(Available data begins)
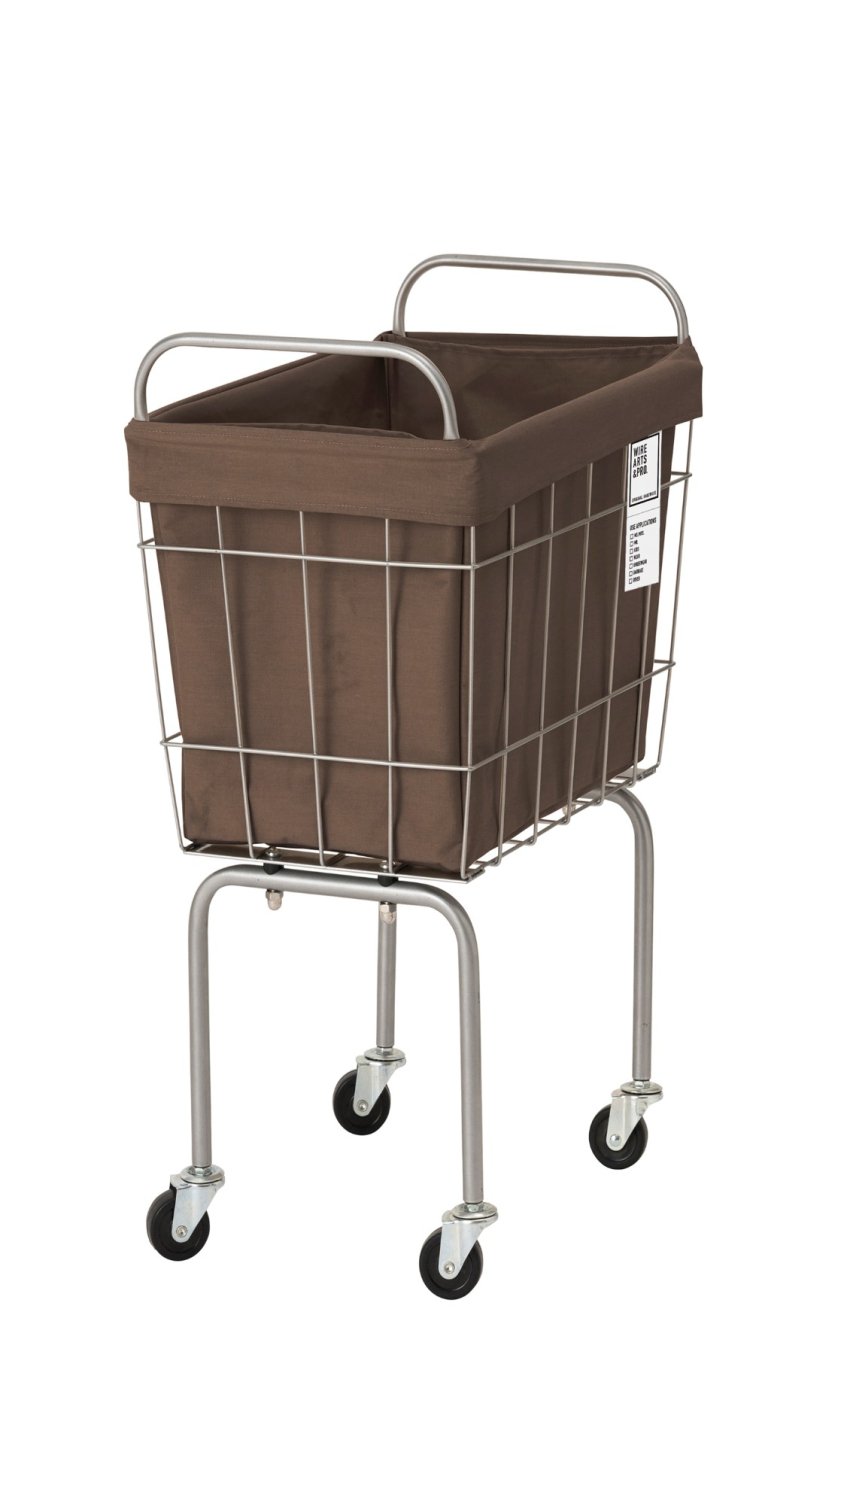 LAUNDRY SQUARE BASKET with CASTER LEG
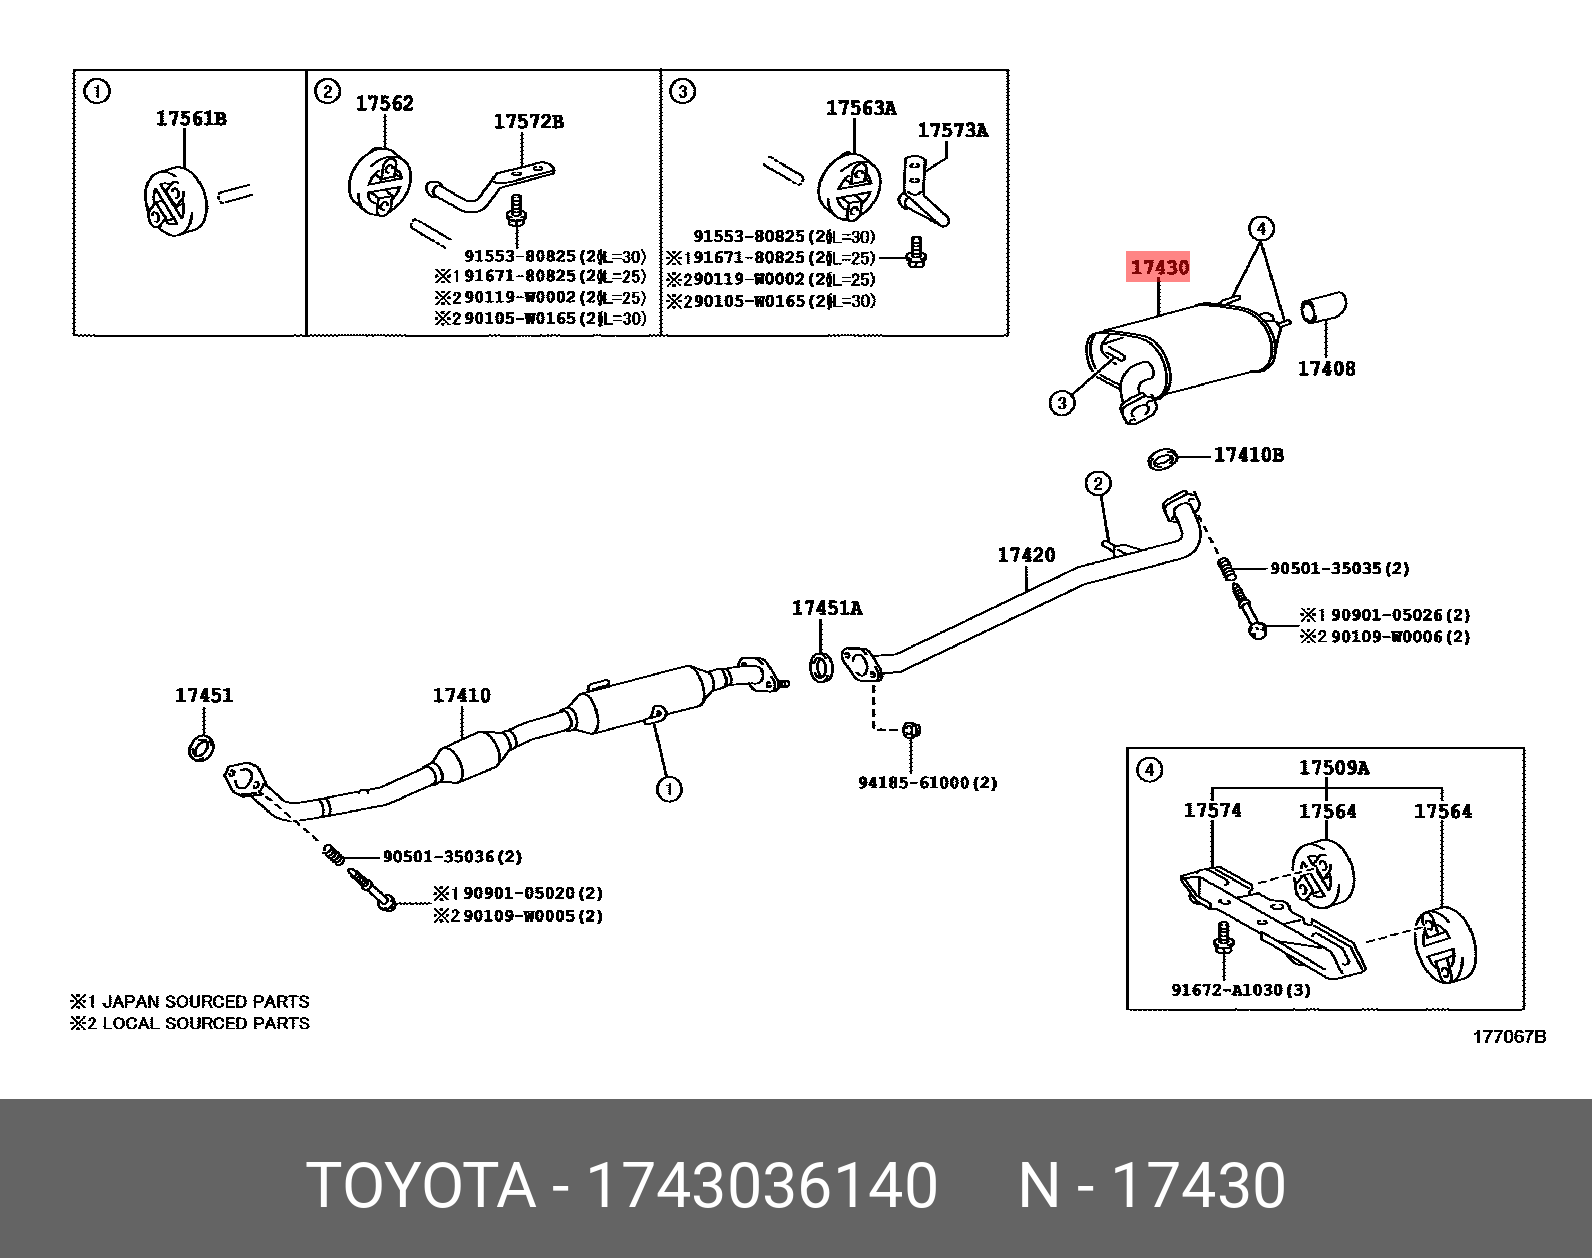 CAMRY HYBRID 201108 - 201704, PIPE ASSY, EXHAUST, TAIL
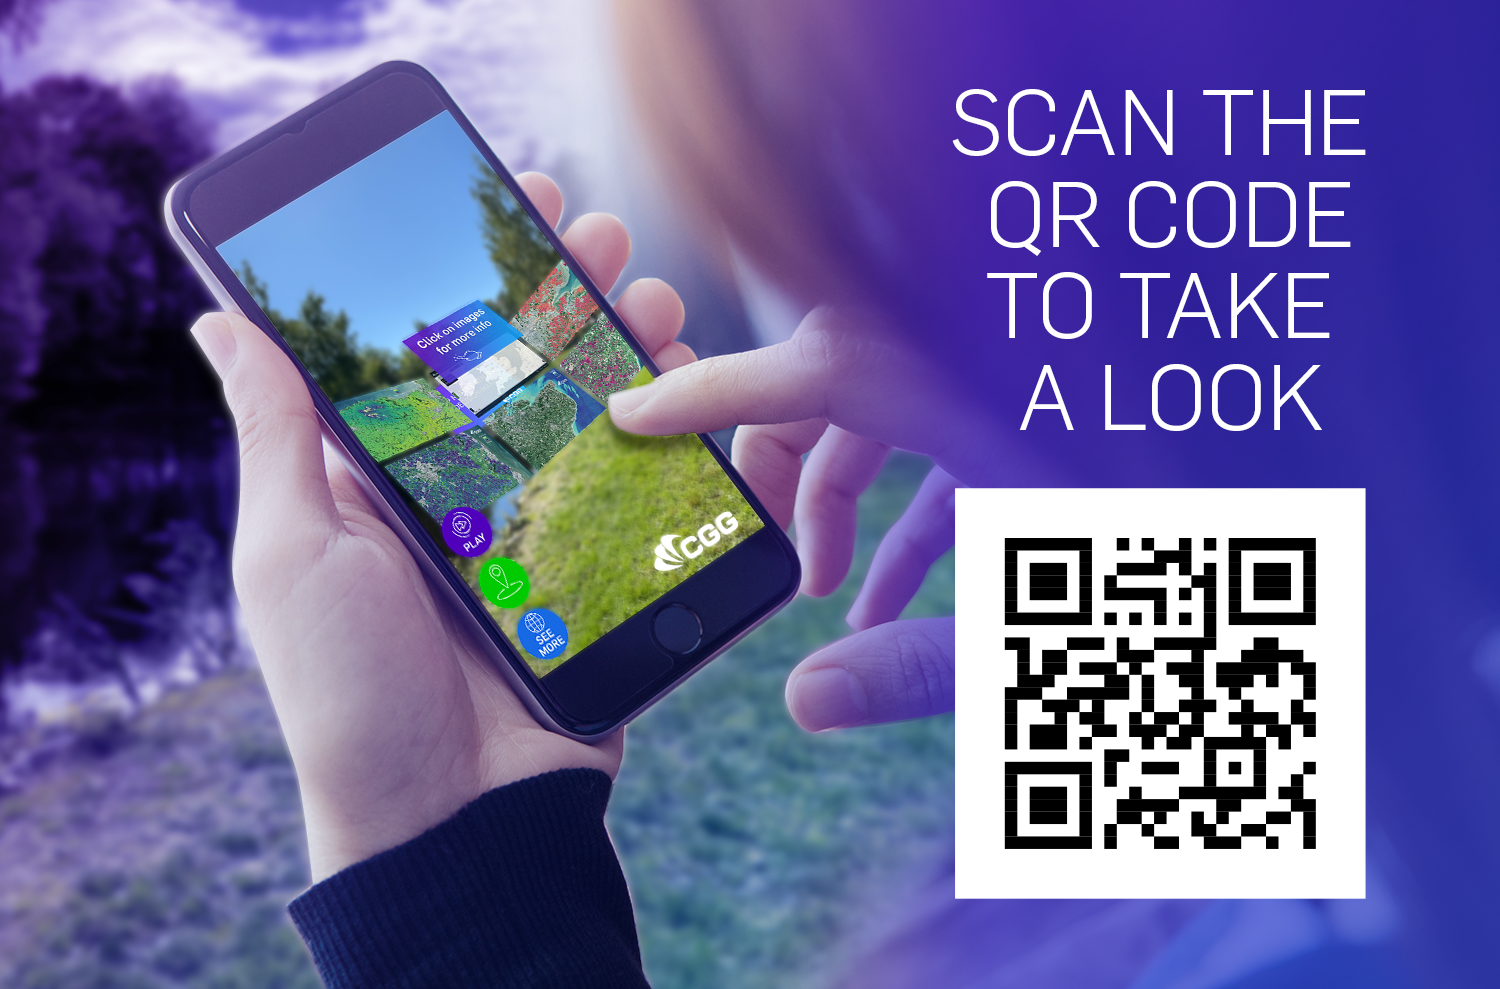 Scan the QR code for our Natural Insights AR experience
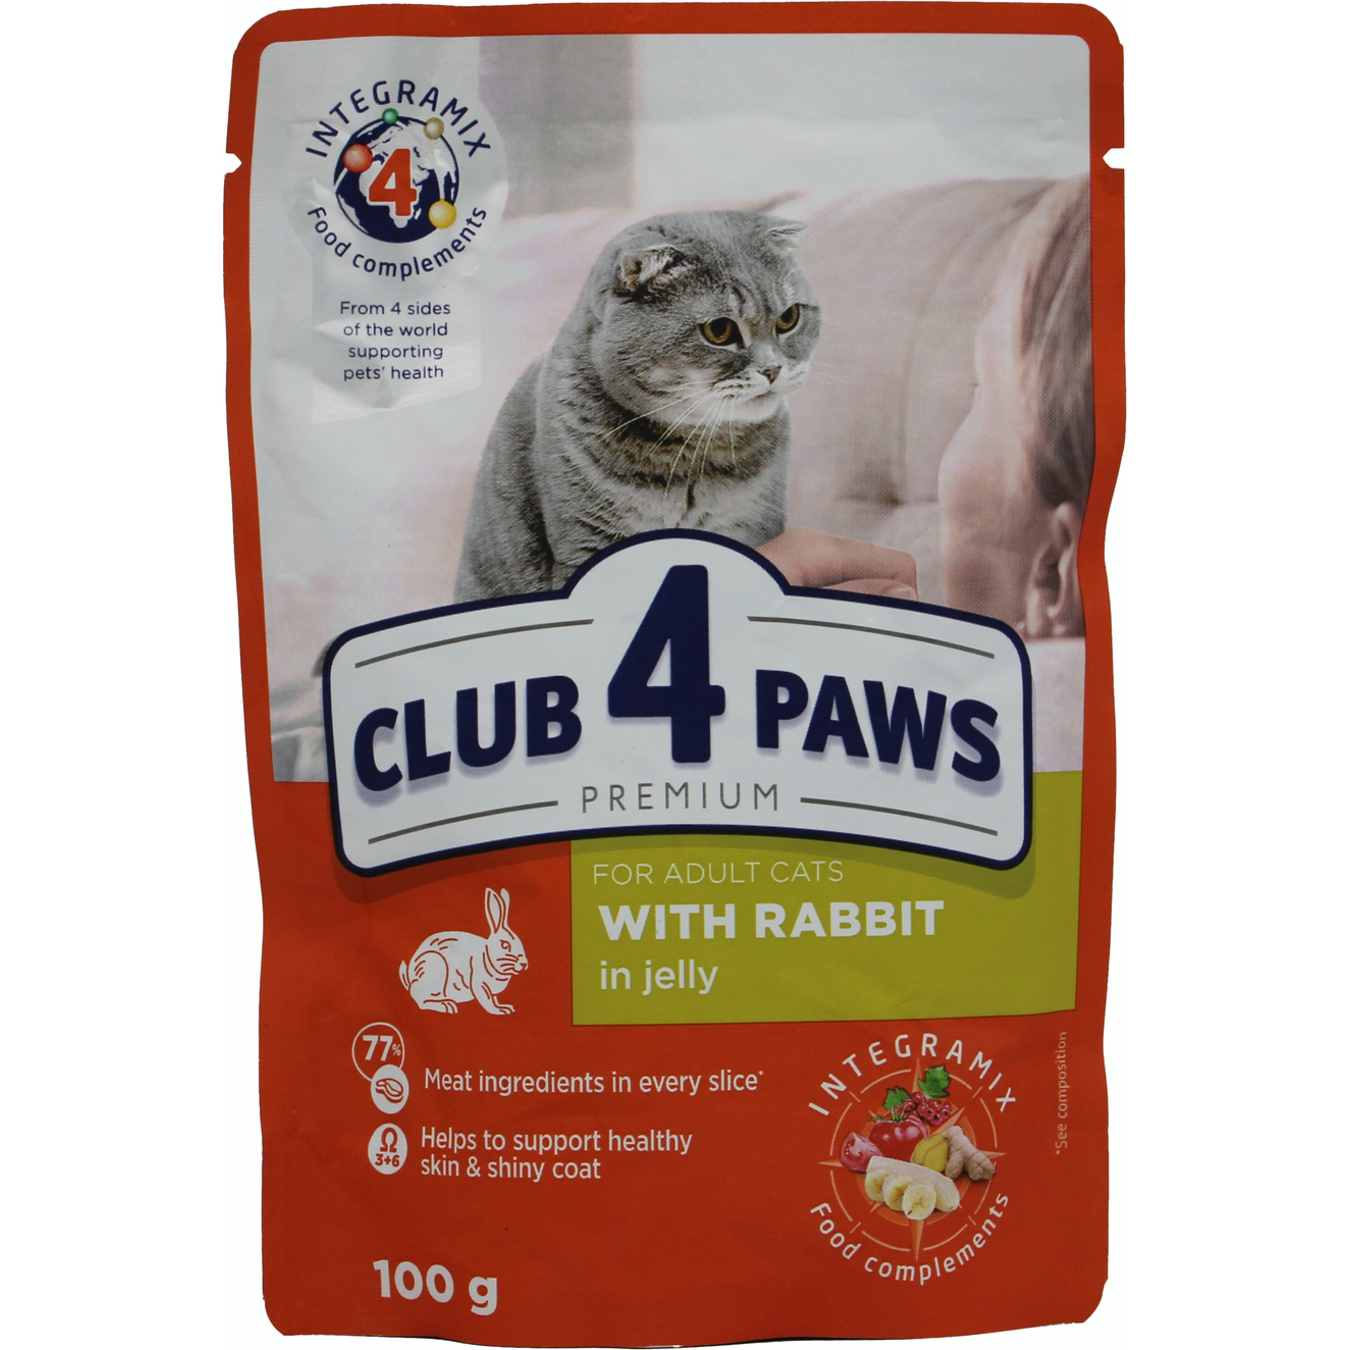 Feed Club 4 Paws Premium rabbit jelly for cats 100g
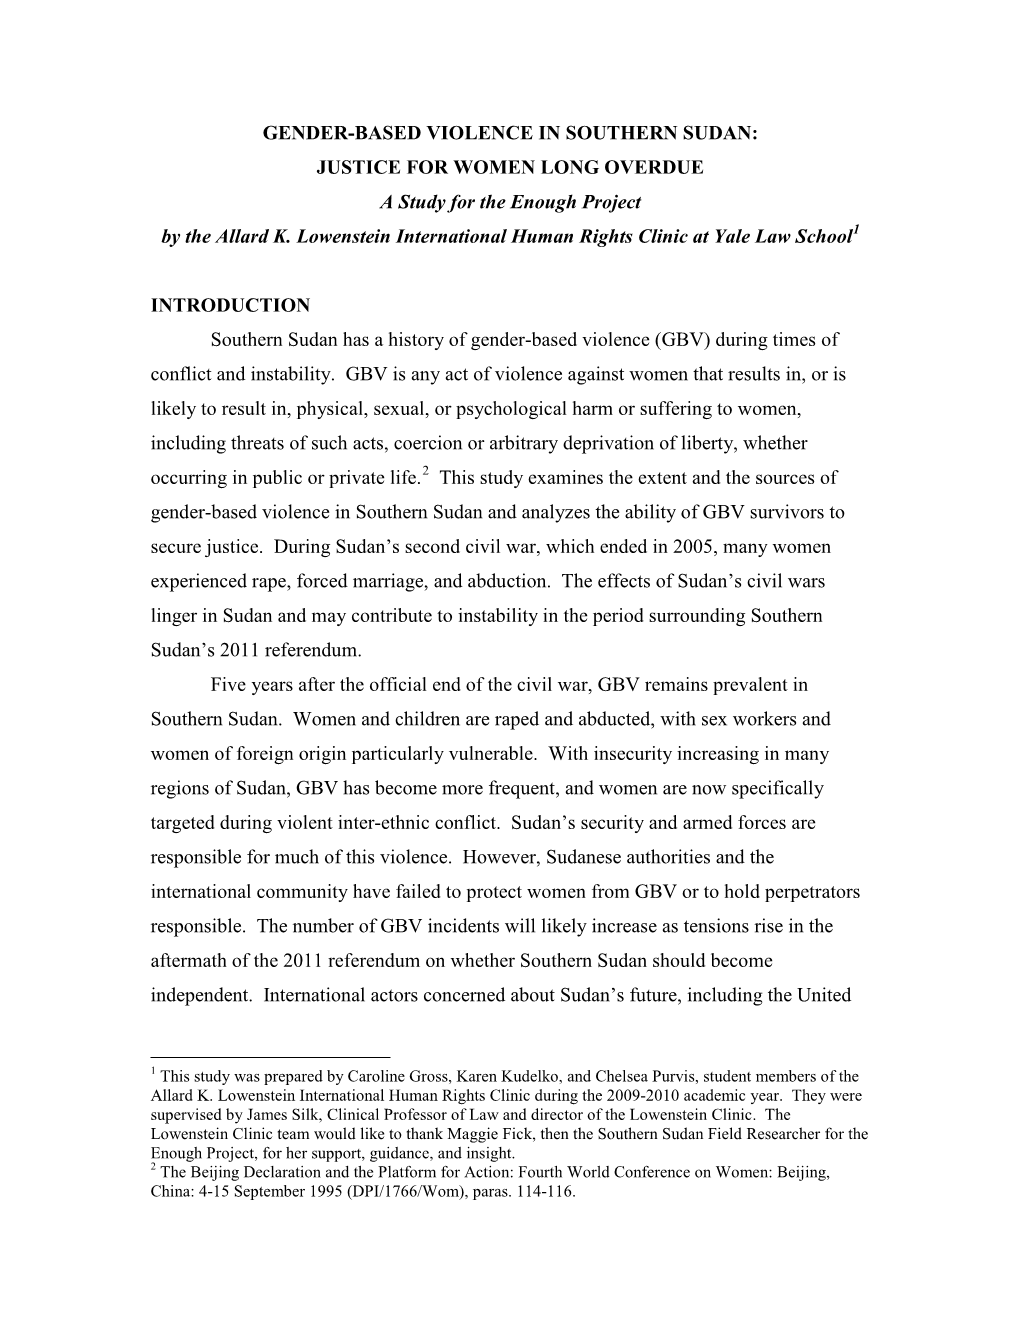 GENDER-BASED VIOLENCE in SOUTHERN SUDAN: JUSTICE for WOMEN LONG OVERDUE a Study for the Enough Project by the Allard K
(Available data ends)
About this exercise:
All of the records above are to be written out exactly, minus their images.

Written answer:
 LAUNDRY SQUARE BASKET with CASTER LEG
 CAMRY HYBRID 201108 - 201704, PIPE ASSY, EXHAUST, TAIL
 Scan the QR code for our Natural Insights AR experience
 Feed Club 4 Paws Premium rabbit jelly for cats 100g
 GENDER-BASED VIOLENCE in SOUTHERN SUDAN: JUSTICE for WOMEN LONG OVERDUE a Study for the Enough Project by the Allard K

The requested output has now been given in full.